Optimizing UAV-UGV Coalition Operations: A Hybrid Clustering and Multi-Agent Reinforcement Learning Approach for Path Planning in Obstructed Environment

2024 年 1 月 3 日

翻译：优化无人机-无人车协同行动：面向障碍环境下路径规划的混合聚类与多智能体强化学习方法

Shamyo Brotee,Farhan Kabir,Md. Abdur Razzaque,Palash Roy,Md. Mamun-Or-Rashid,Md. Rafiul Hassan,Mohammad Mehedi Hassan

One of the most critical applications undertaken by coalitions of Unmanned Aerial Vehicles (UAVs) and Unmanned Ground Vehicles (UGVs) is reaching predefined targets by following the most time-efficient routes while avoiding collisions. Unfortunately, UAVs are hampered by limited battery life, and UGVs face challenges in reachability due to obstacles and elevation variations.
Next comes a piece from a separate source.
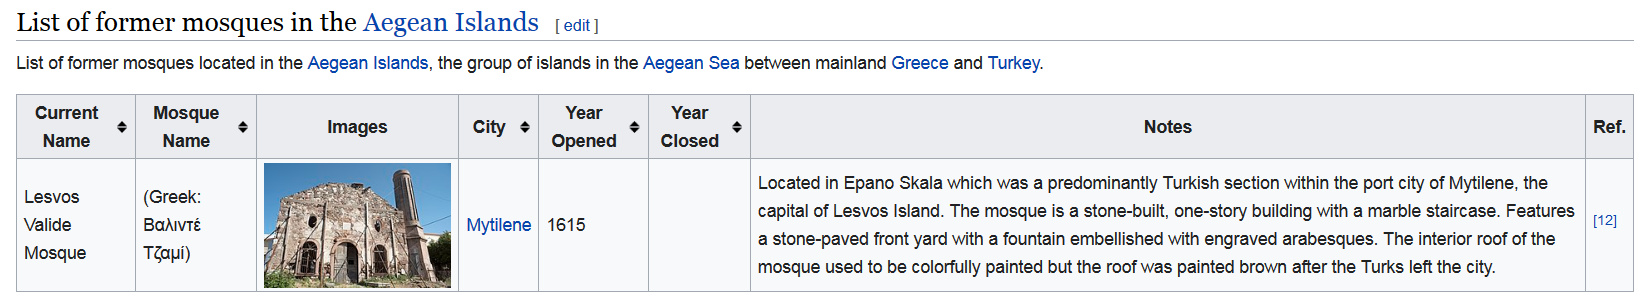 Screenshot_2022-04-06 List of former mosques in Greece - Wikipedia(4).png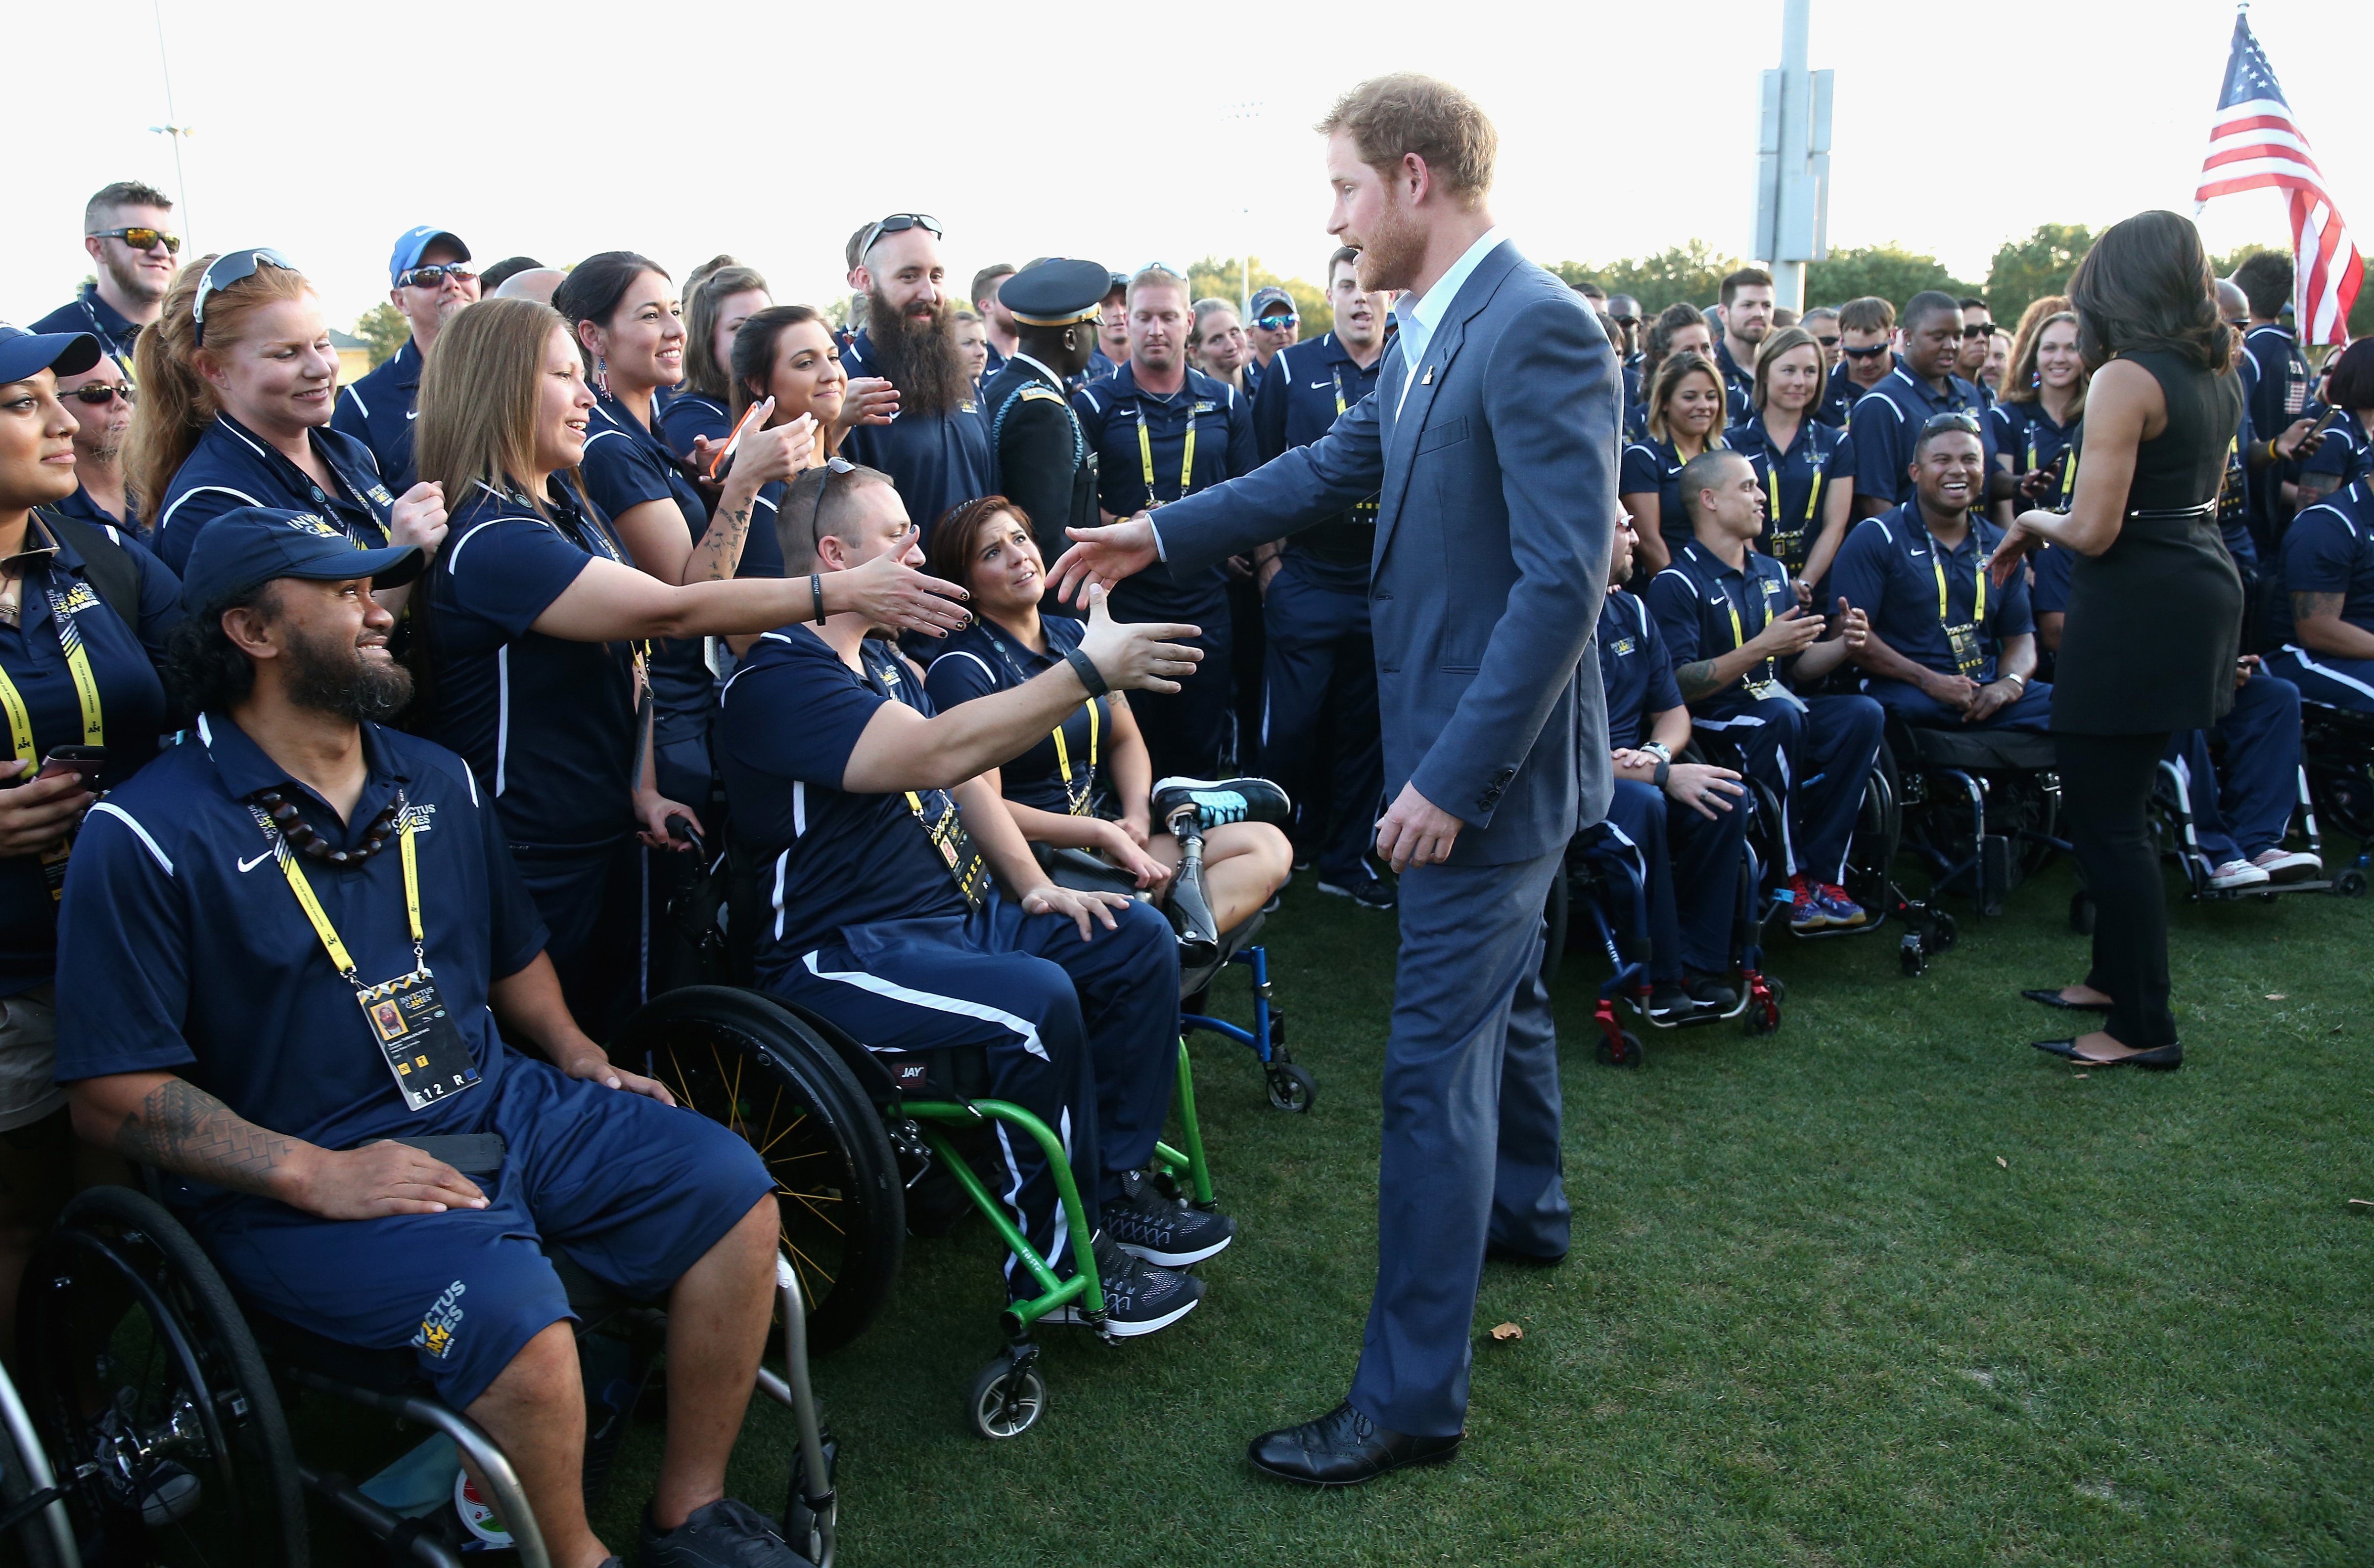 Prince Harry meets the USA Invictus Team ahead of the Opening Ceremony of the Invictus Games on May 8, 2016 in Orlando, Florida. (Chris Jackson—Getty Images for Invictus)

Existing literature primarily focuses on one-to-one coalitions, which constrains the efficiency of reaching targets. In this work, we introduce a novel approach for a UAV-UGV coalition with a variable number of vehicles, employing a modified mean-shift clustering algorithm to segment targets into multiple zones. Each vehicle utilizes Multi-agent Deep Deterministic Policy Gradient (MADDPG) and Multi-agent Proximal Policy Optimization (MAPPO), two advanced reinforcement learning algorithms, to form an effective coalition for navigating obstructed environments without collisions. This approach of assigning targets to various circular zones, based on density and range, significantly reduces the time required to reach these targets. Moreover, introducing variability in the number of UAVs and UGVs in a coalition enhances task efficiency by enabling simultaneous multi-target engagement. The results of our experimental evaluation demonstrate that our proposed method substantially surpasses current state-of-the-art techniques, nearly doubling efficiency in terms of target navigation time and task completion rate.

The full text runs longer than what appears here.